■ YOUR OBJECTIVE
An exact copy of each line below is needed, with no images in it.

■ THE DATA
Start of Block

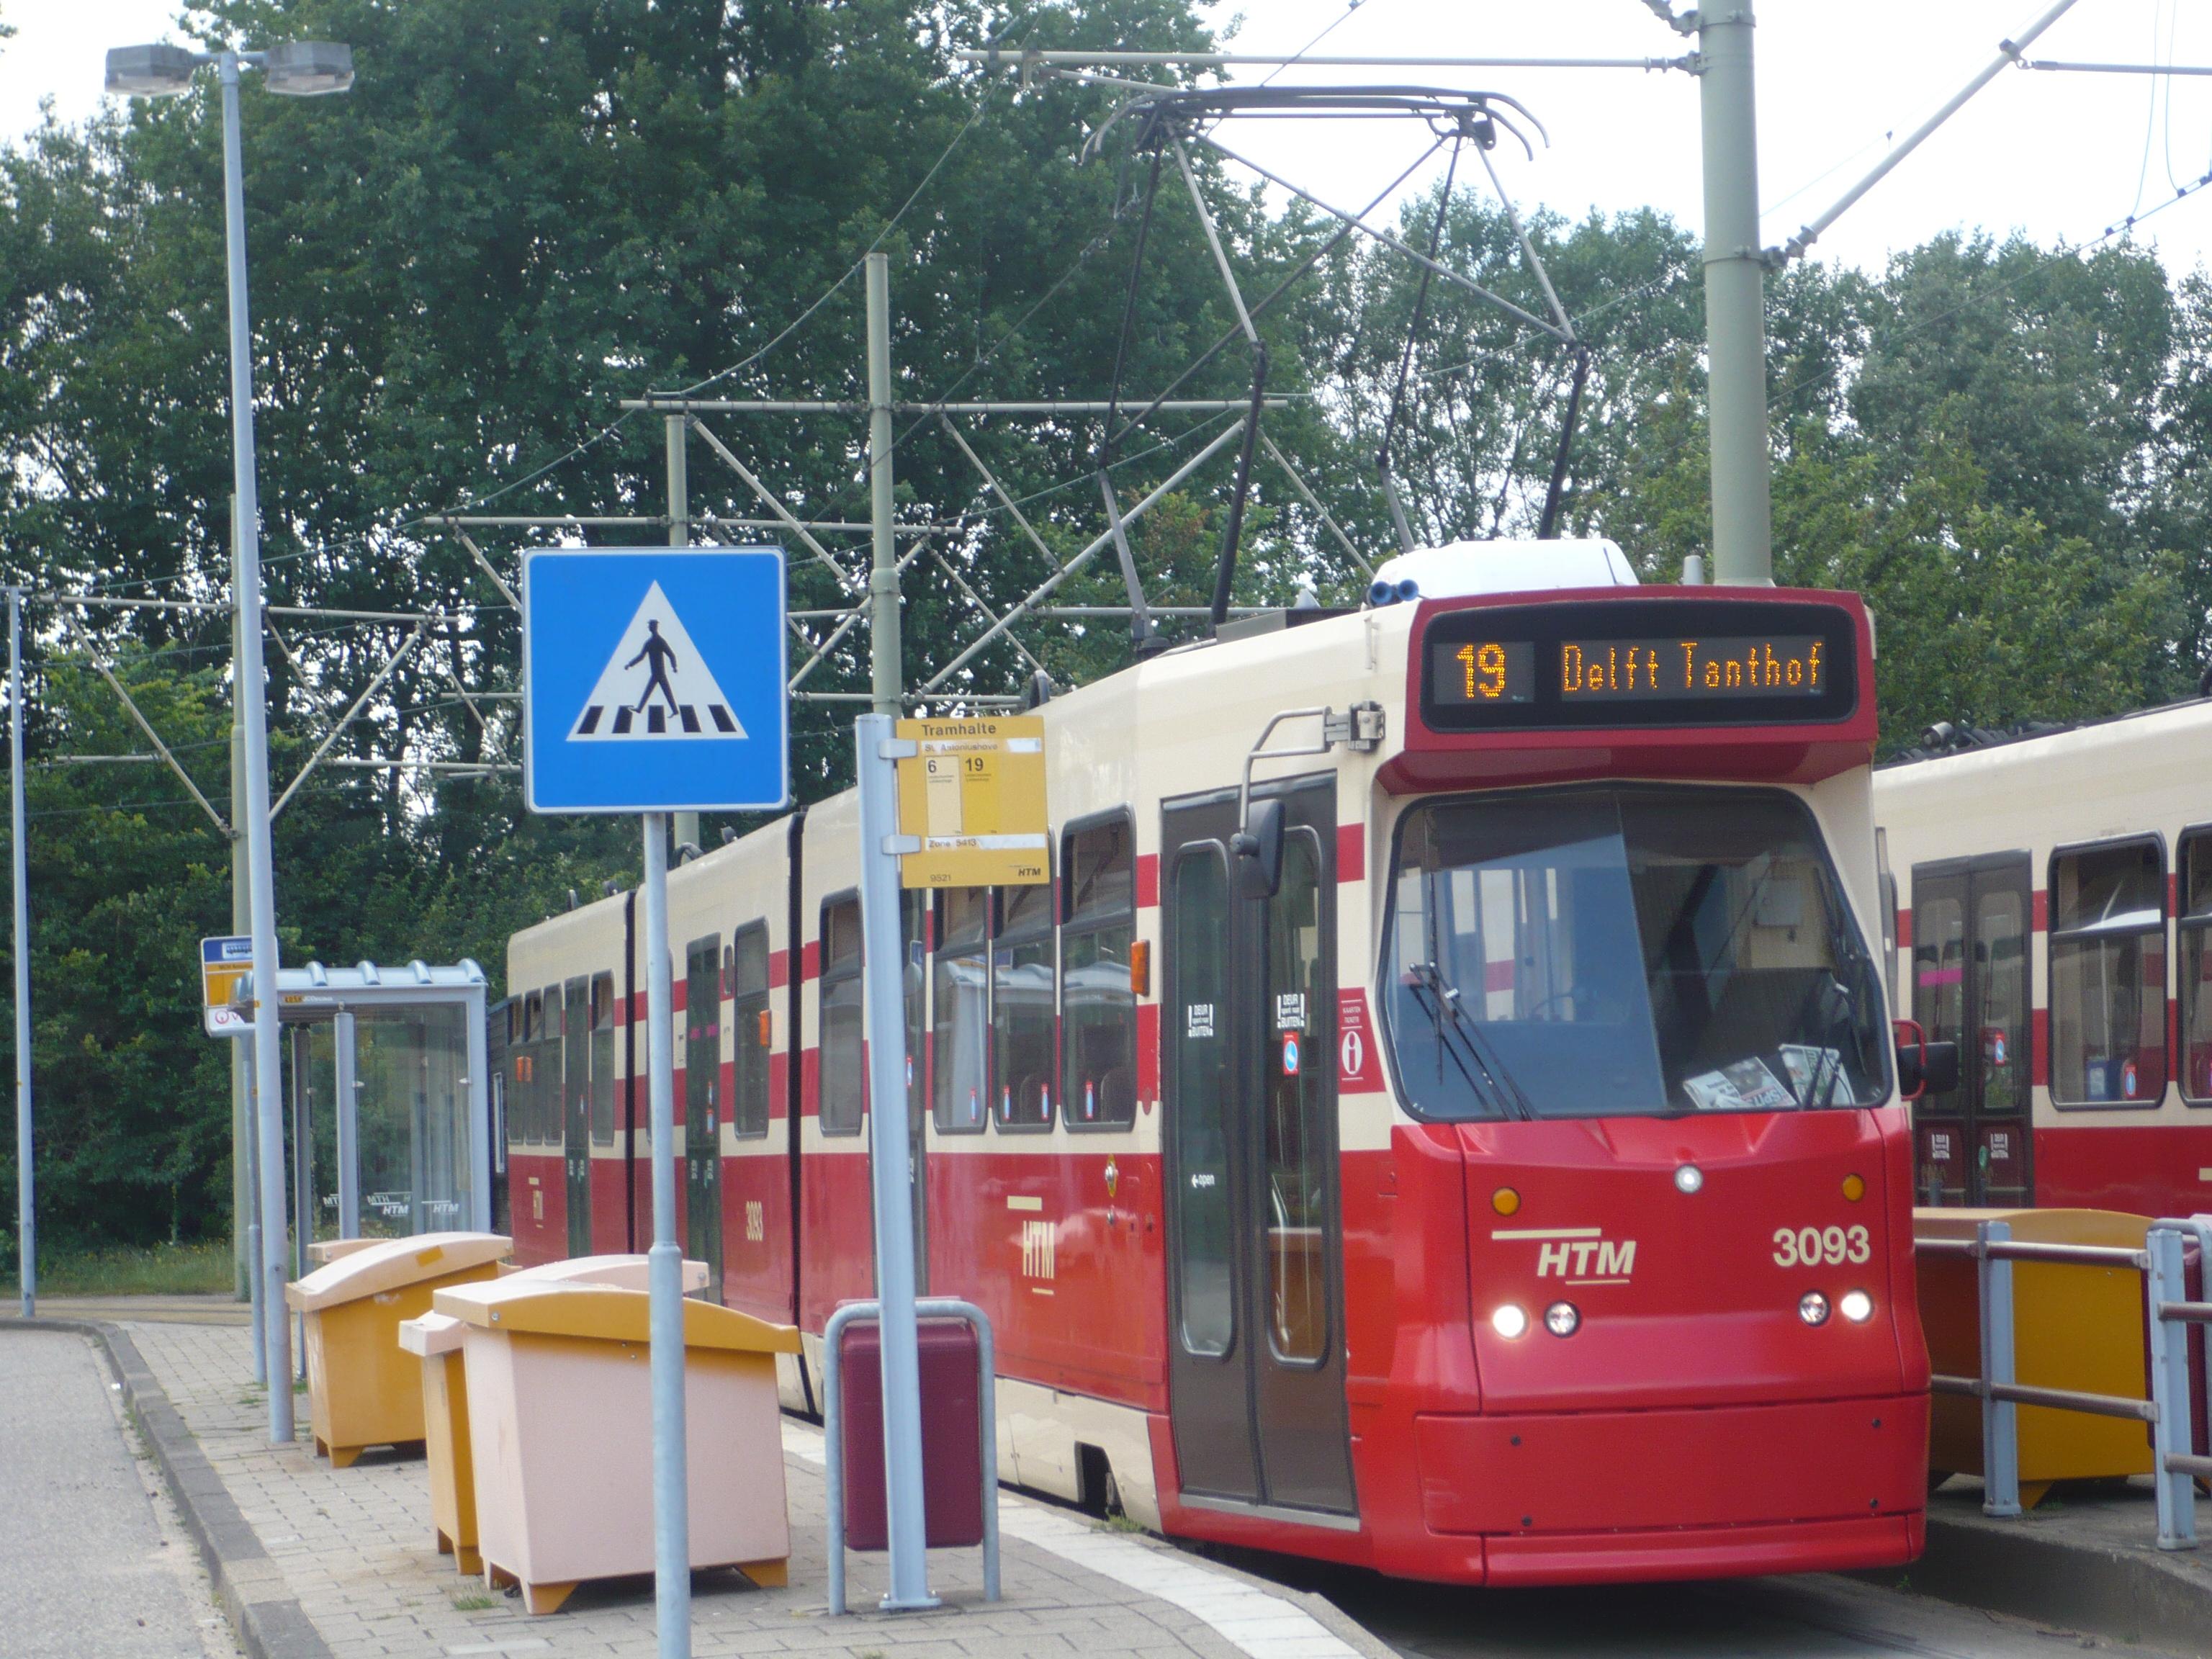 HTM_3093_Tram_19_Delft_Tanthof.JPG
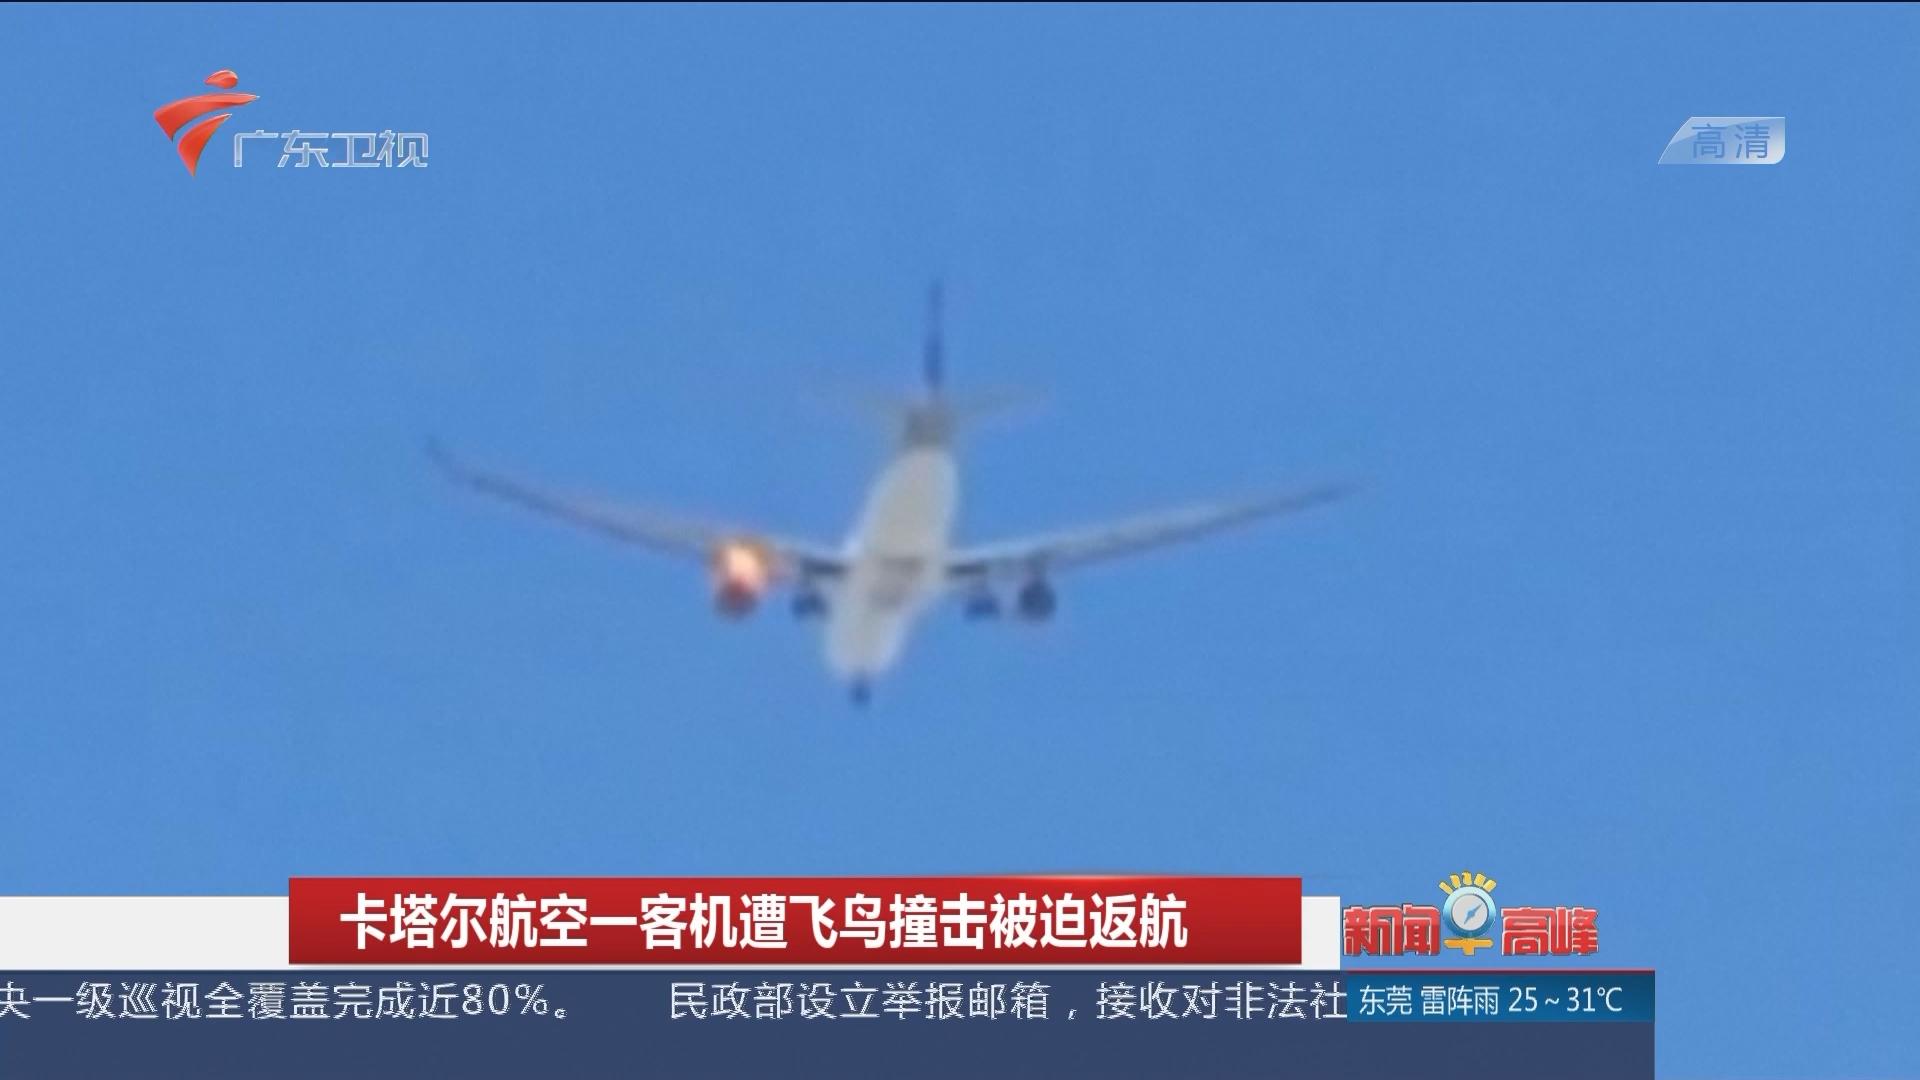 卡塔尔航空一客机遭飞鸟撞击被迫返航
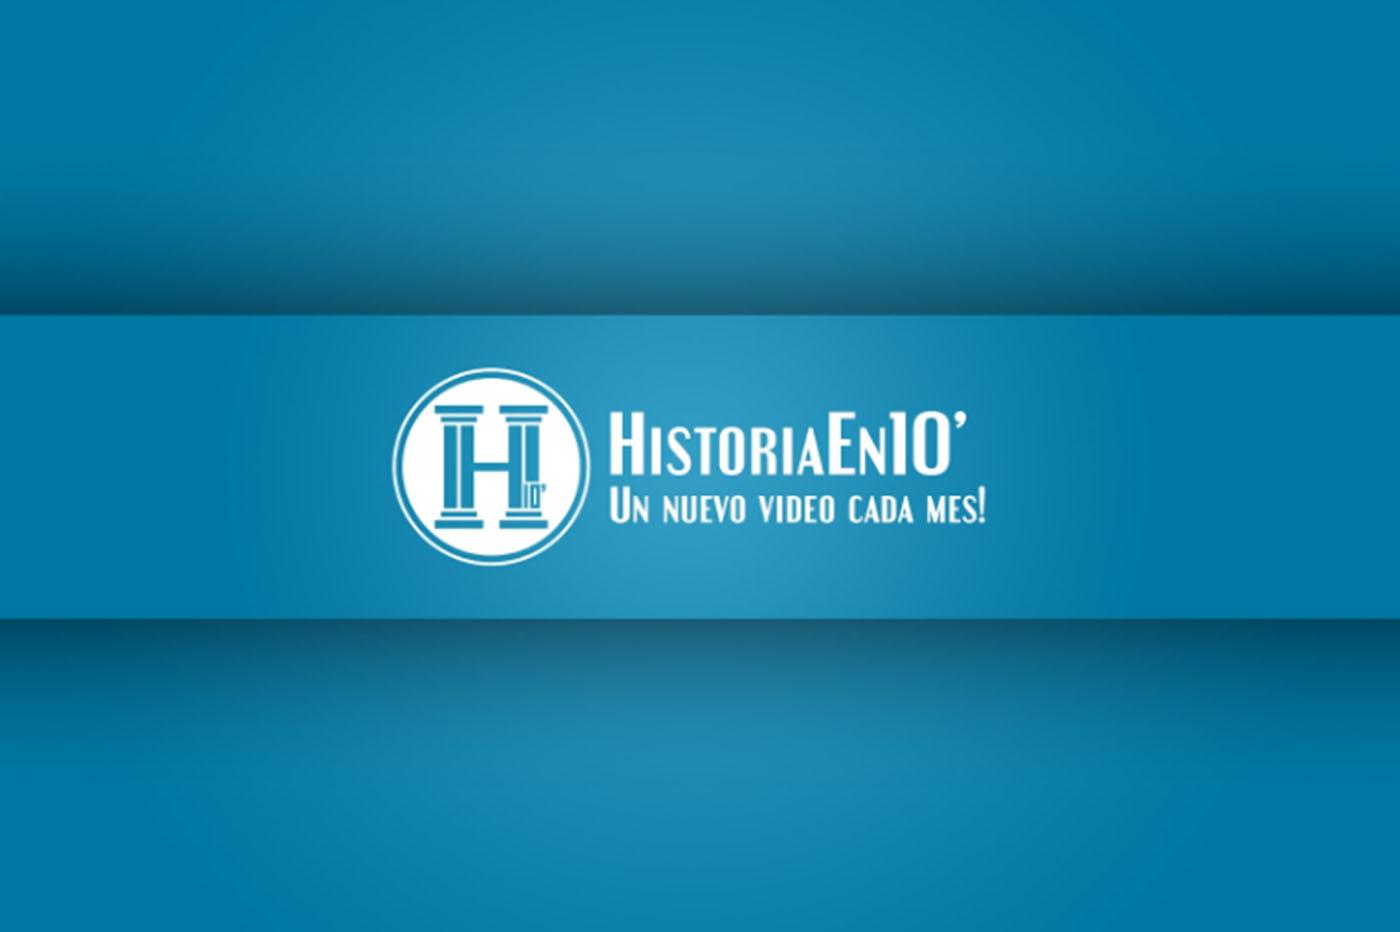 Crítica Historiaen10'

End of Block

■ SOLUTION TO THIS EXERCISE
 HTM_3093_Tram_19_Delft_Tanthof.JPG
 卡塔尔航空一客机遭飞鸟撞击被迫返航
 Crítica Historiaen10'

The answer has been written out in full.